In other words, people have gone to see these movies in their hordes because they are summer tentpoles – well-crafted, entertaining (for the most part) action flicks with cool characters. You don’t rake in that kind of cash by only attracting an audience who can tell you which issue The Incredible Hulk first appeared in, or whether they read Nick Fury when he was drawn white.

So when directors like Zack Snyder talk about making sure fans of the comic are satisfied with his efforts, should he bother? Does it really matter that the people who buy the funny books are pleased with Captain America’s costume or approve of the story arc chosen for adaptation?

[Kick-Ass 2 creator: Jim Carrey boycott 'worth $30 million']



Yes. Because...
They run the blogosphere. Apparently. With so many movies jostling for attention, any way studios can raise a film’s profile is a good thing. By making sure you reveal something which strongly resonates with the crowd who flock to Comic-Con every year, you’ve potentially got a one-up on all the other blockbusters desperate to make the end-of-year biggest earners’ list. That information will be disseminated on social media and the Web, building buzz and generating hype.

Meanwhile, ‘300’ and ‘Sin City’ did big business and the filmmakers were so in thrall to the source material that they ostensibly translated it directly on the big screen. Audiences responded to the deliberate comic book look and realised how cinematic comics could actually be.

One might also say that comic book readers know a good movie idea when they read it. ‘Kick-Ass’ by Mark Millar stormed the comics world and was turned into a brilliantly-skewed action-comedy three years ago. The sequel (which it seems neither comic book nerds nor regular folk are particularly fond of) has just been released. Millar’s assassin tale ‘Wanted’ also started life on the page, whilst the Blade series was a comparatively little-known anti-hero who successfully made the jump to the cinema.

[Mark Wahlberg: I want to be next Iron Man]



No. Because...
A good film is a good film, right? Comic booksters cried foul when they saw yellow spandex substituted for sexy leather in the original X-Men movie, but that didn’t seem to halt its march to success. ‘300’ wasn’t a smash hit because it recreated panels from the graphic novel, it was because Snyder discovered a new take on the Greek epic, there was lots of blood and boobs and Gerard Butler shouted a lot.

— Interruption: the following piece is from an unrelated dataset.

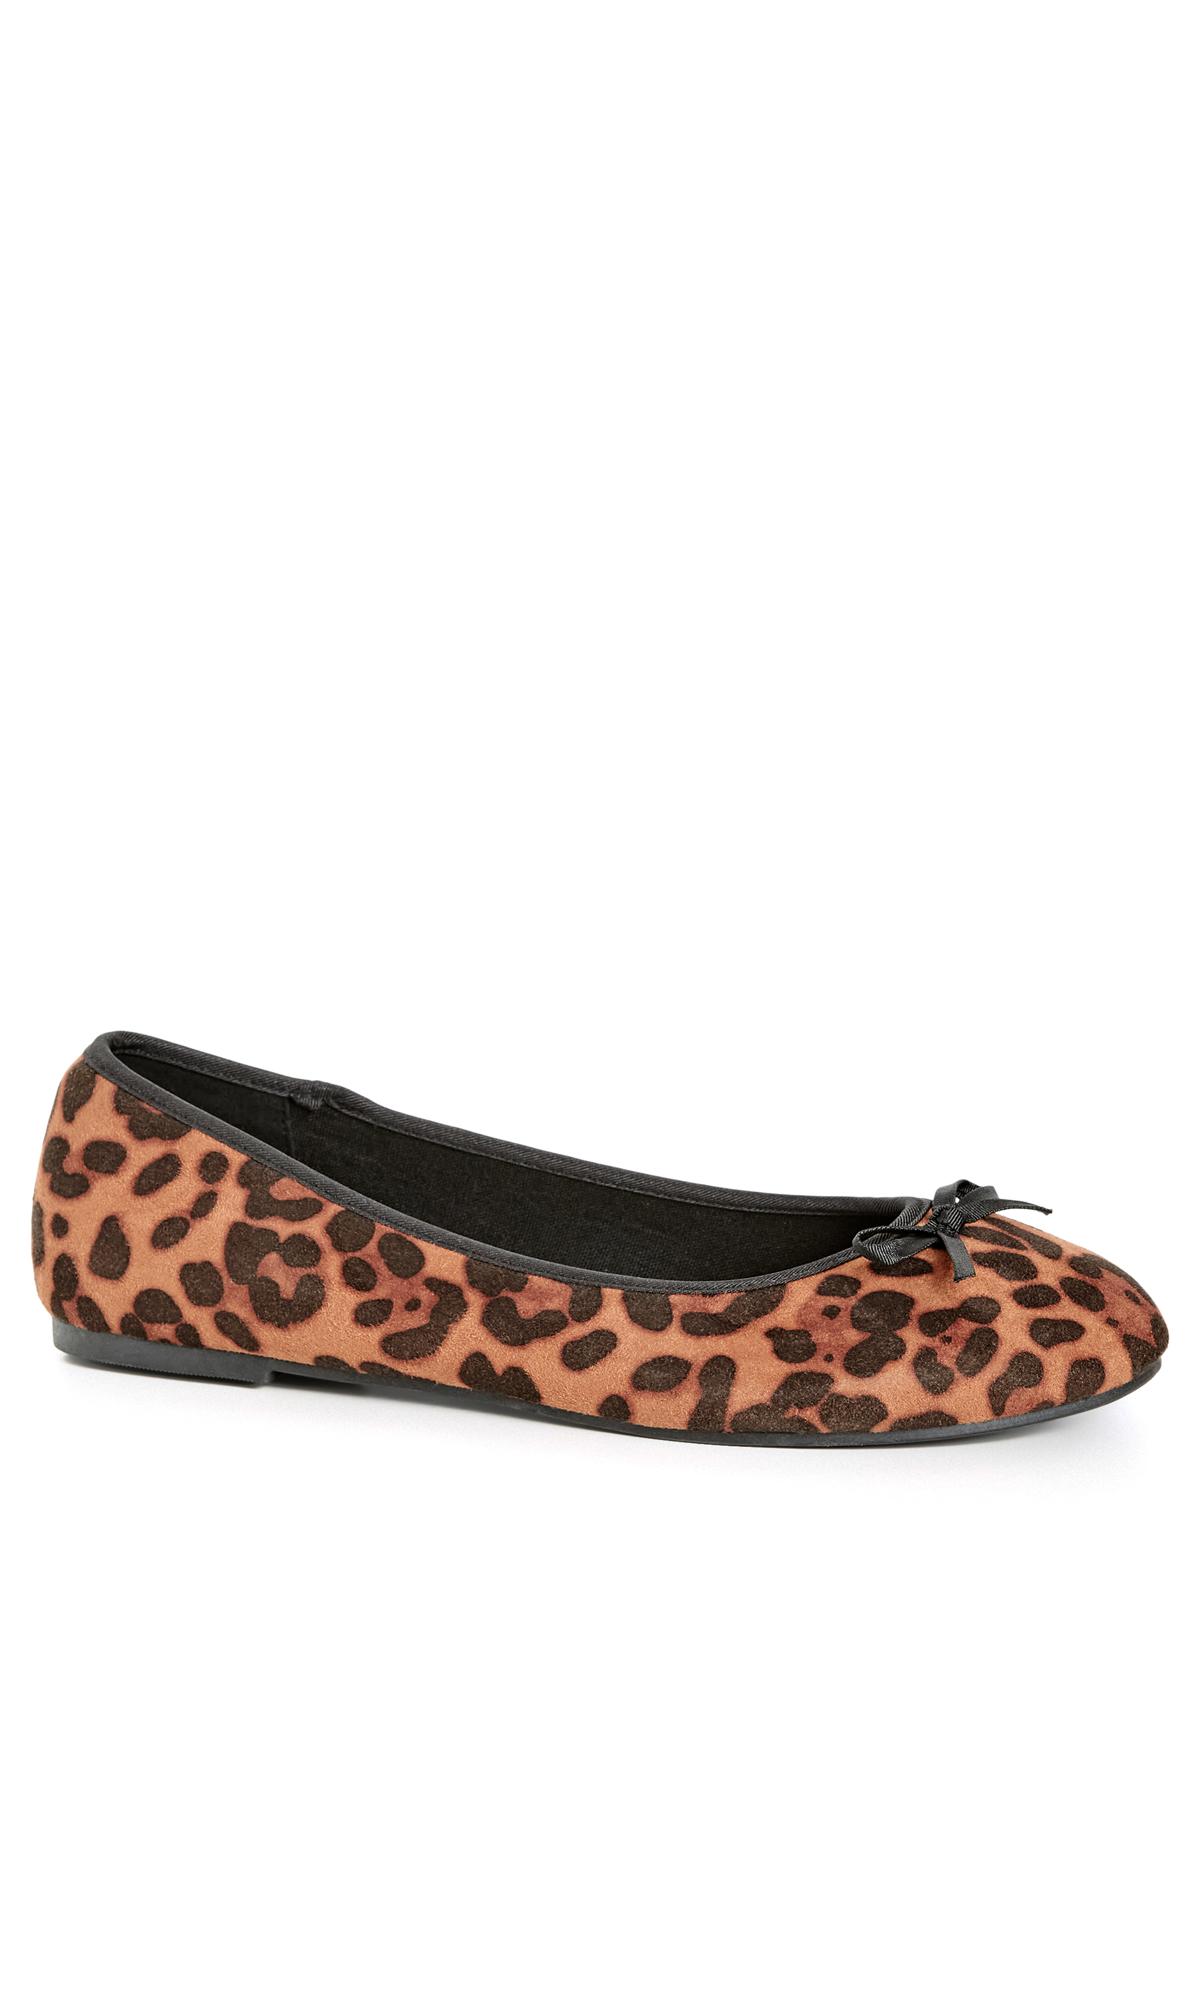 WIDE FIT Ballet Flat - leopard 1
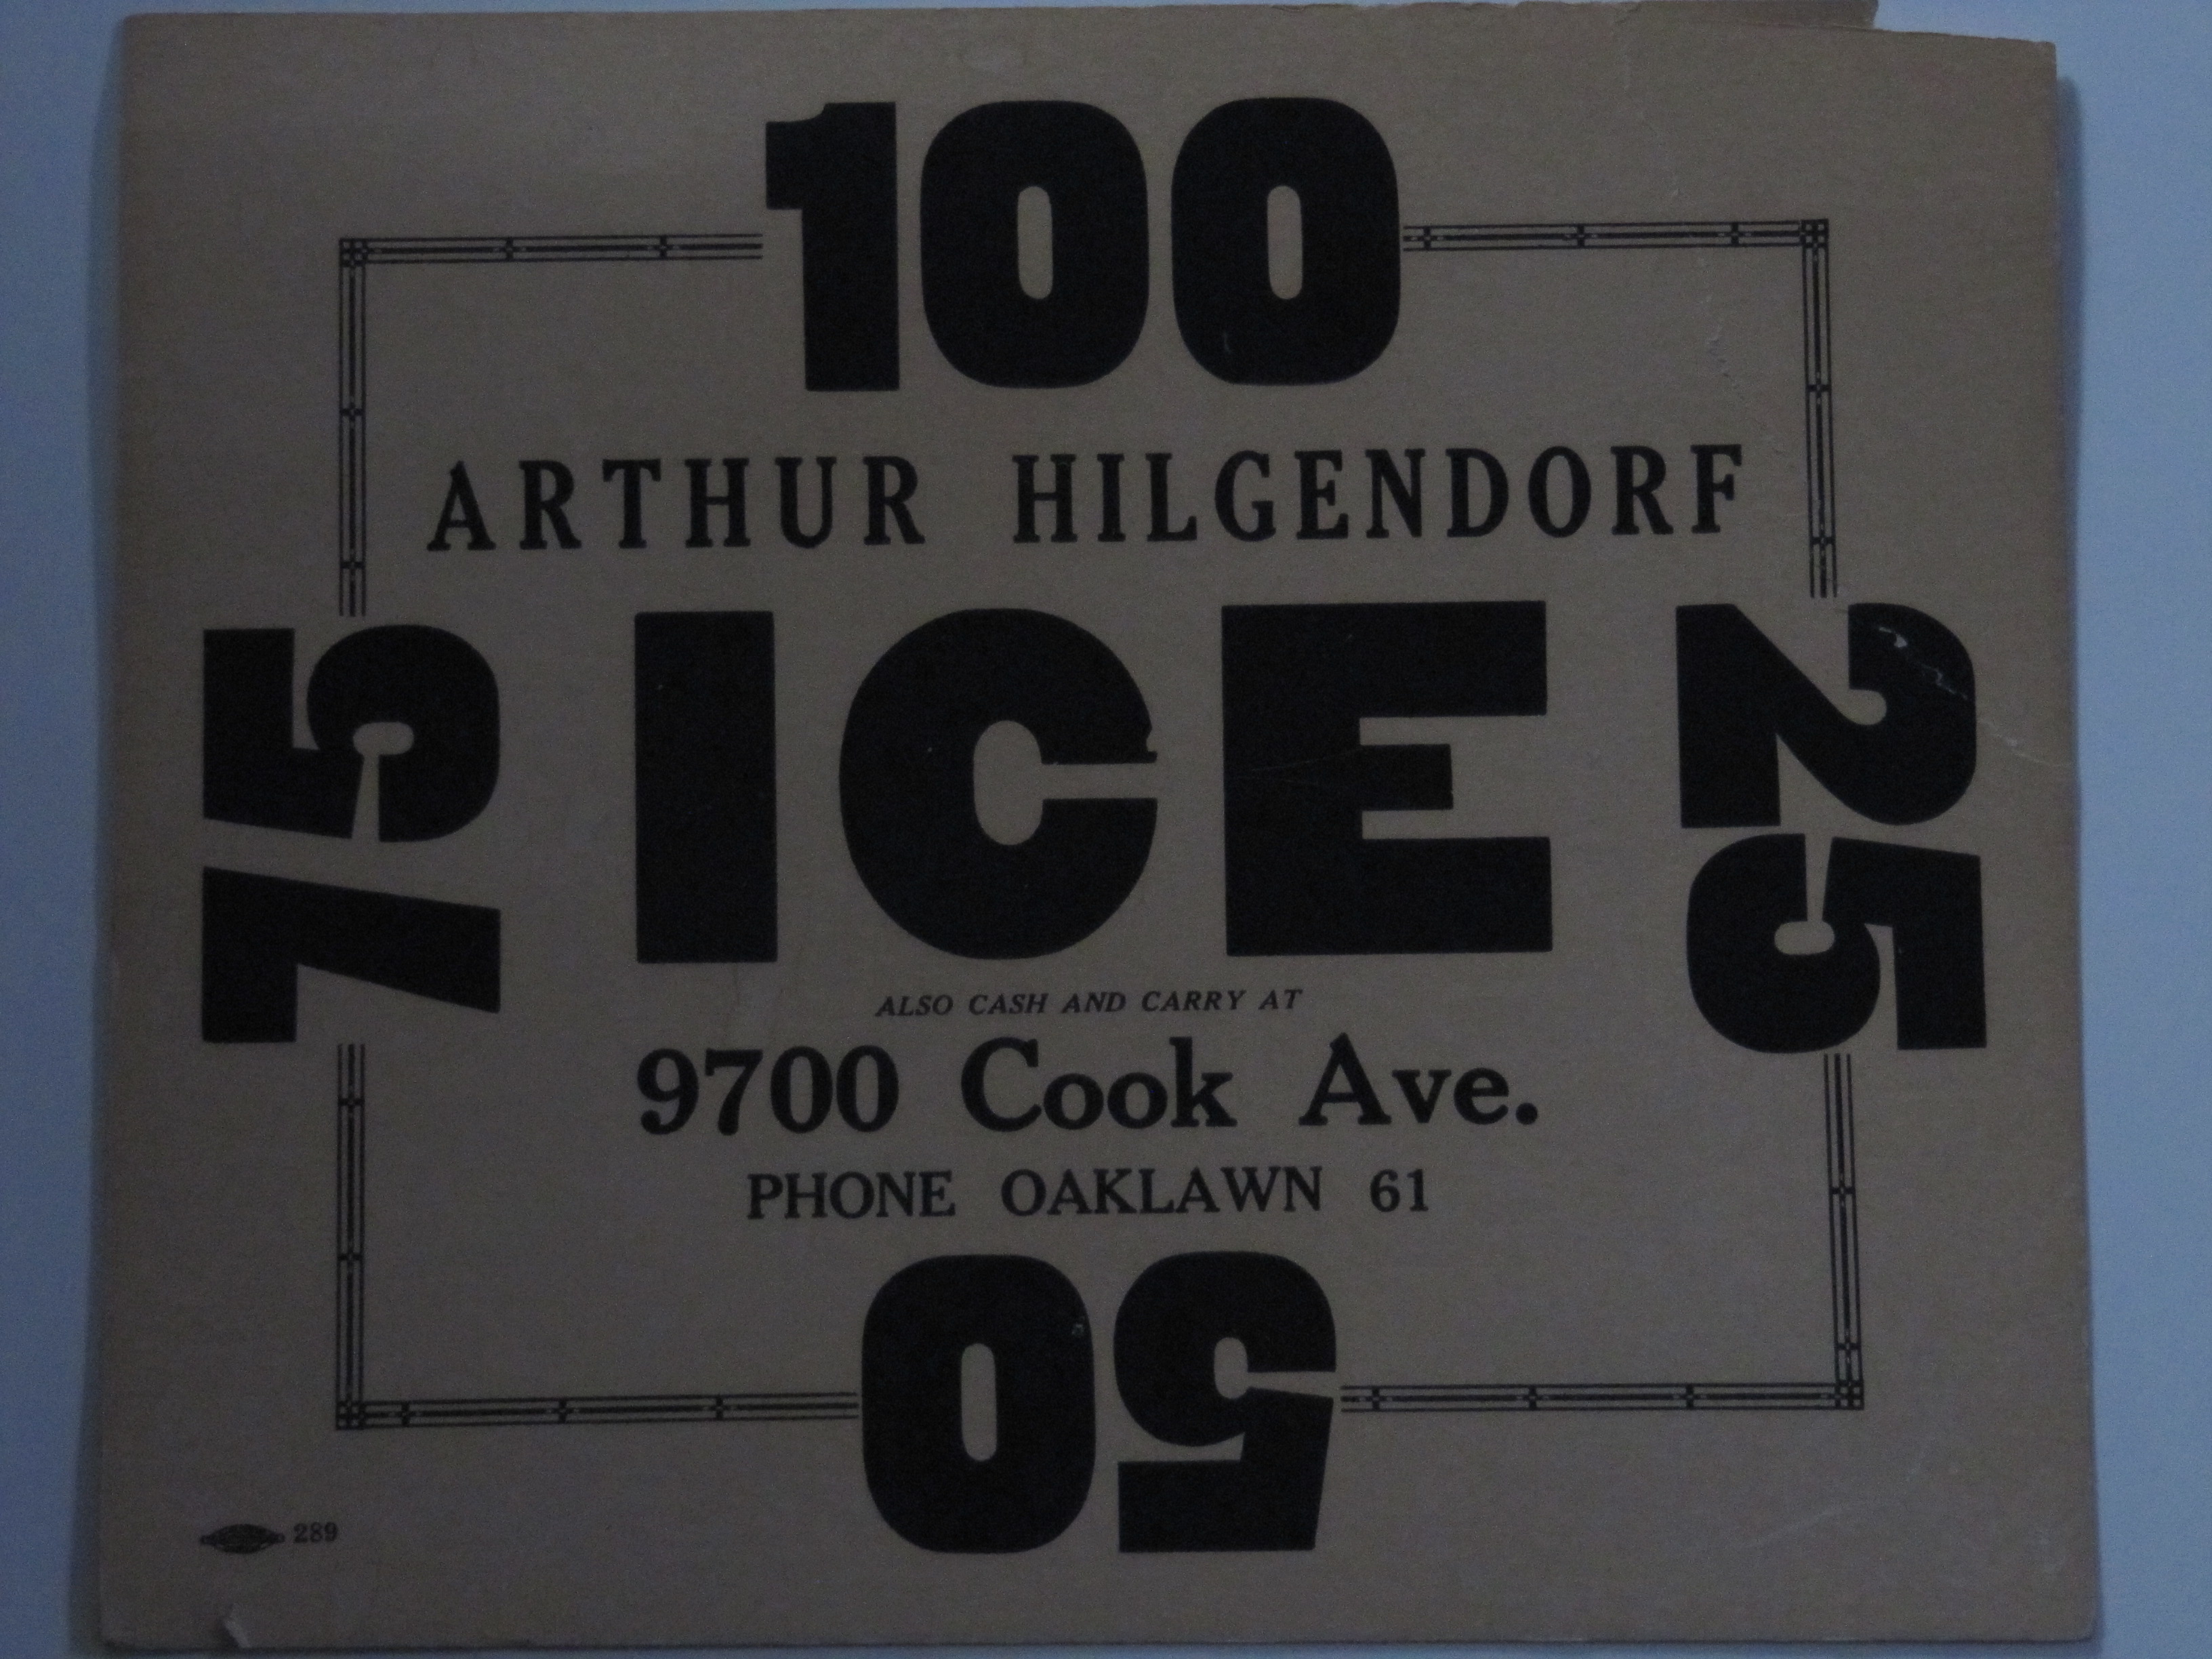 Arthur Hilgendorf Ice

The mediocre response to ‘Watchmen’ solidifies that theory. A brilliant, groundbreaking comic book by Alan Moore, it was notoriously difficult to bring to the big screen (Terry Gilliam and Paul Greengrass were just two of the myriad directors who tried through the years) because of its politics, its effects, its timeline and its labyrinthine plot. Zack Snyder decided to basically do what he did with ‘300’ and put the book on-screen. The result was an occasionally effective, overlong drama sort-of loved by comic book fans and ignored by everyone else.

This summer’s ‘The Wolverine’ uses a beloved narrative from the 1980s by Chris Claremont and Frank Miller in which Logan travels to Japan. But has the movie made money because audiences knew Claremont come up with the idea? No. Sure, they dig the Far Eastern locations, but it’s Jackman’s charisma and the cool fight scenes which really sate a crowd.

Similarly, when Christopher Nolan revitalised the Batman franchise, he used Batman: Year One by Frank Miller as inspiration. For ‘The Dark Knight’, Jeph Loeb and Tim Sales’ Long Halloween was a definite influence. But he wasn’t a slave to it. Elements of the comic books infiltrated the scenes, but ultimately the films were their own beast. And all the better for it.